May 6, 2014

Official prayers aren't official religion, court says

The Supreme Court has ruled that prayers at the start of a town council meeting do not have the effect of establishing a religion. This is true, the court decided, even if all of the prayers are from a particular religion, and even those prayers are explicitly sectarian.

There are very few limits of officially sanctioned prayer, according to this decision in Town of Greece vs. Galloway. In fact, "Absent a pattern of prayers that over time denigrate, proselytize, or betray an impermissi­ble government purpose, a challenge based solely on the content of a prayer will not likely establish a constitutional violation."

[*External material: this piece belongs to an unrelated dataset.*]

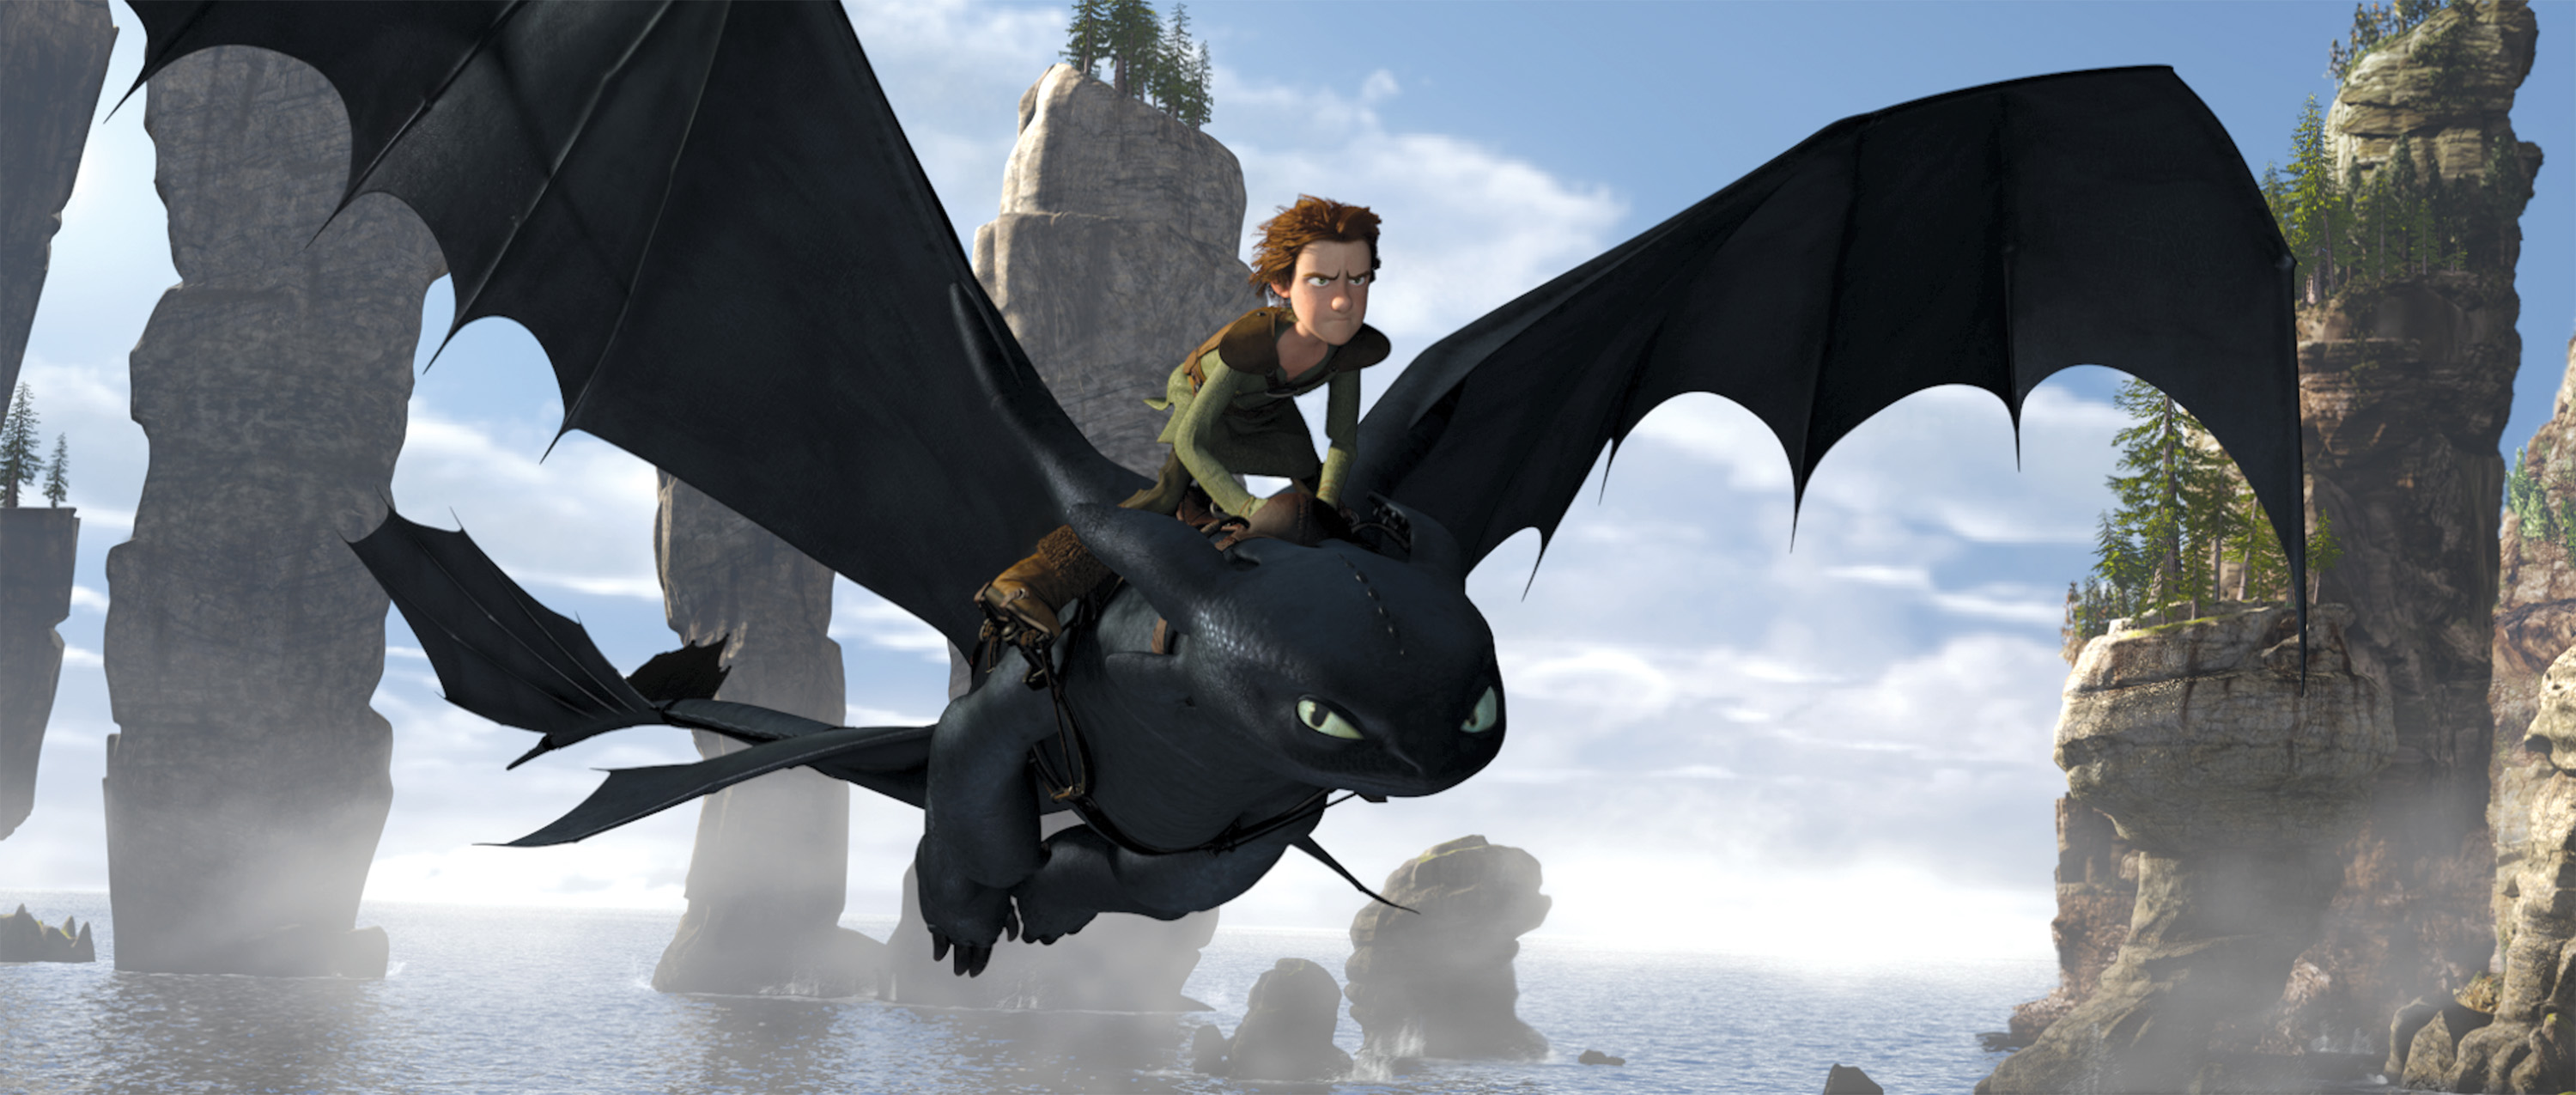 How to Train Your Dragon watch online UK

Typically, questions about whether or not government action is establishing religion is decided by a legal test. The Lemon Test, the most famous of these, asks whether a law has a secular purpose, whether it's primary effect relates to religion, and whether it's an excessive entanglement of government and religion. Now the court has ruled, however, that officially offered prayers at government meetings are not subject to such tests.

Prayers can be entanglements without establishing religion.

Prayers can be primarily religious.

Prayers don't have to be secular, serving only to solemnize or something like that.

Justice Anthony Kennedy, writing the opinion for the majority, cited the 1983 Supreme Court case Marsh vs. Chambers in explaining the decision. Formal tests, like the Lemon Test, are not necessary when the practice has a long-established history. Tradition trumps.

As Kennedy wrote:
Marsh is sometimes described as 'carving out an excep­tion' to the Court's Establishment Clause jurisprudence, because it sustained legislative prayer without subjecting the practice to 'any of the formal "tests" that have traditionally structured' this inquiry. The Court in Marsh found those tests unnecessary because history supported the conclusion that legislative invocations are compatible with the Establish­ment Clause . . . Marsh stands for the proposi­tion that it is not necessary to define the precise boundary of the Establishment Clause where history shows that the specific practice is permitted. Any test the Court adopts must acknowledge a practice that was accepted by the Framers and has withstood the critical scrutiny of time and political change. A test that would sweep away what has so long been settled would create new controversy and begin anew the very divisions along religious lines that the Establishment Clause seeks to prevent. Marsh, indeed, requires an inquiry into the prayer opportunity as a whole, rather than into the con­tents of a single prayer.
The only remaining test, according to the Supreme Court, is coercion. Officially authorized government prayer would be an unconstitutional establishment of religion if -- and basically only if -- people were coerced into prayer.

Prayer at public school ceremonies, for example, is not different because it's considered coercive.

Justice Clarance Thomas wrote a concurring opinion that stakes out a more originalist version of the idea of coercive religious establishment. According to Thomas, a religion is only established by a government, for the purposes of the U.S. Constitution, if that government forces people to participate in religious practices. This was the practice of some states at the time of the nation's founding and the Fourteenth Amendment. This should be understood as the context of what the law means by "establishment of religion."

Coercion only counts, Thomas says, if it's legal coercion.

He writes, "there is no support for the proposition that the framers of the Fourteenth Amendment embraced wholly modern notions that the Establishment Clause is violated whenever the 'reasonable observer' feels 'subtle pressure'  or perceives governmental 'endors[ement].'"

The court will revisit this question of coercion soon. The justices are scheduled consider a case concerning whether or not a public school can hold a graduation in a church later this month.